You aren't gonna need it
One of the Extreme Programming mantras says, "You aren't gonna need it." That is, unless you have a requirement for some code today, you have no reason to write it, and to make your job easier, you shouldn't. Unnecessary code becomes particularly easy to detect in code already in use -- it's the bits nobody calls because they don't work. Usually, the requirement has lapsed because nobody expects it to ever work. In this case, it's easiest to delete the code. Think of every line you delete as being something you'll never need to understand, document, reformat, or refactor.
Also, find ideas that were started but never completed, and delete them. You'll find that a lot of refactorings or design decisions that you don't understand were made only to accommodate changes that never saw the light of day, and by deprecating those features, you can simplify the design. If it later turns out that you need the feature back, you can put it in and do it right.
Another fertile source of unnecessary code includes completed but nonetheless unused features. These are a consequence of designing code before knowing what it is supposed to do. Take them out. Methods and classes will vanish before your very eyes, and nobody will notice.
Break up big classes
With big classes the usual causes are:
- No clear definition of what the class should do, resulting in it doing rather a lot of different things
- Out-of-control inner classes
- Numerous static and instance methods
- Excessive numbers of convenience methods
- Cut-and-pasted code
My rule of thumb states that 500 lines of code amounts to a big class. Classes over 1,000 lines are bad and must be fixed, and classes over 2,000 lines equal acts of terrorism. In the paragraphs below you'll find suggestions for five areas on how to break up big classes.
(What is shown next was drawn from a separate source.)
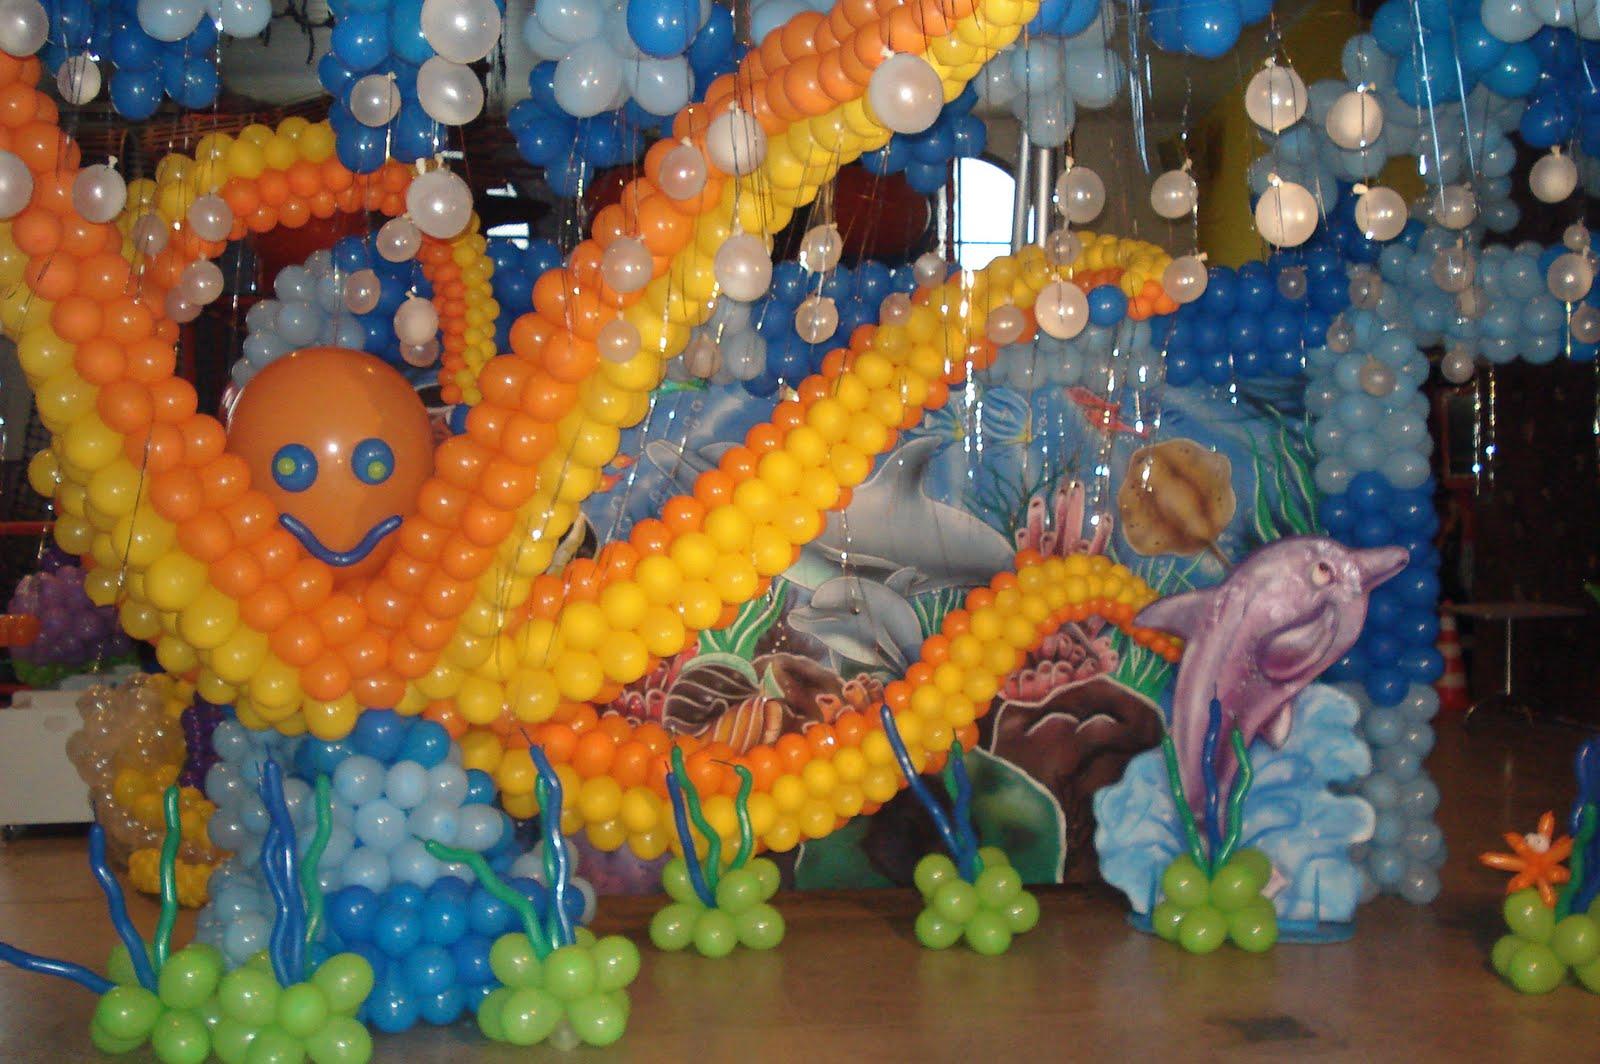 baloes-na-decoracao-de-festa-infantil

Firstly, extract the named inner classes. Some people write inner classes so they can achieve friend classes as you would in C++; for those people there is no solution but to stop them from writing Java. However, developers create many inner classes simply to put them near the code from which they are used. In such situations the inner classes can easily be extracted. However, tiny, anonymous inner classes are usually so intimately attached to their containing class that they can safely be left in the code. If they really are a problem, give them a name and move them out.
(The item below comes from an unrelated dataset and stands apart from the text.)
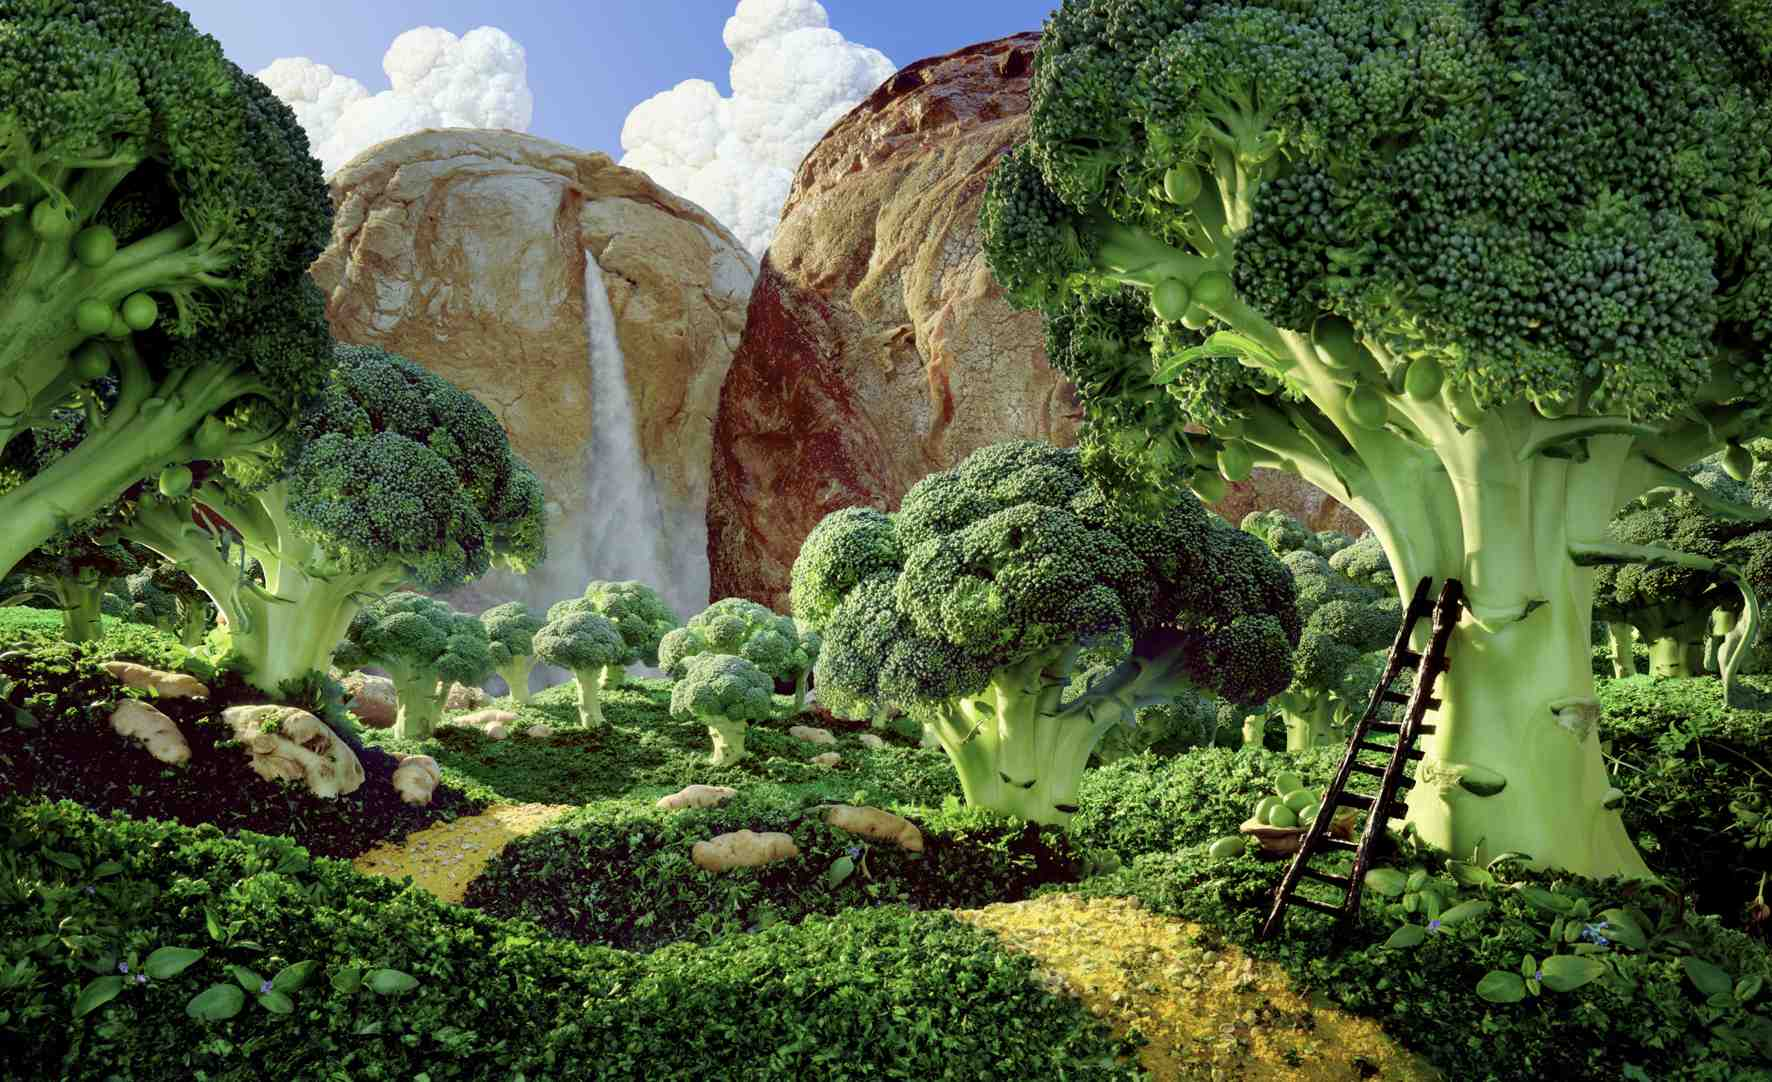 Paisajes diseñados con comida Carl Warner Landscapes designed with food

Secondly, examine the class's static and instance (nonstatic) methods. If you have a lot of both, your class may be trying to be two different things. Perhaps the static methods implement some sort of singleton, while the instance methods implement things referred to by the singleton. If that's the case, it won't be much effort to break the class in two, with one taking over the responsibilities of the singleton and the other taking over the responsibilities of the instances. You might also find some static methods that just provide some useful functionality. They can be extracted into a tools class. The difficult part about this sort of refactoring is finding all the references to this class that no longer compile. Refer to the "Tools" section below for some ideas.
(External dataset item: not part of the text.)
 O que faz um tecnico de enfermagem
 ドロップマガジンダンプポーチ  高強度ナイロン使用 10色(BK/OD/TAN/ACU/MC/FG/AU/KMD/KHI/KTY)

A third idea: closely examine the class's instance variables. If two or more must be kept in sync (for example, a map from As to Bs and the reverse map from Bs to As), you should extract those variables into a new class. The new class's methods will replace any direct access to those instance variables in the original class. By placing all of the objects' behavior into one class, the relationship between those variables will be more aptly defined and more difficult to break.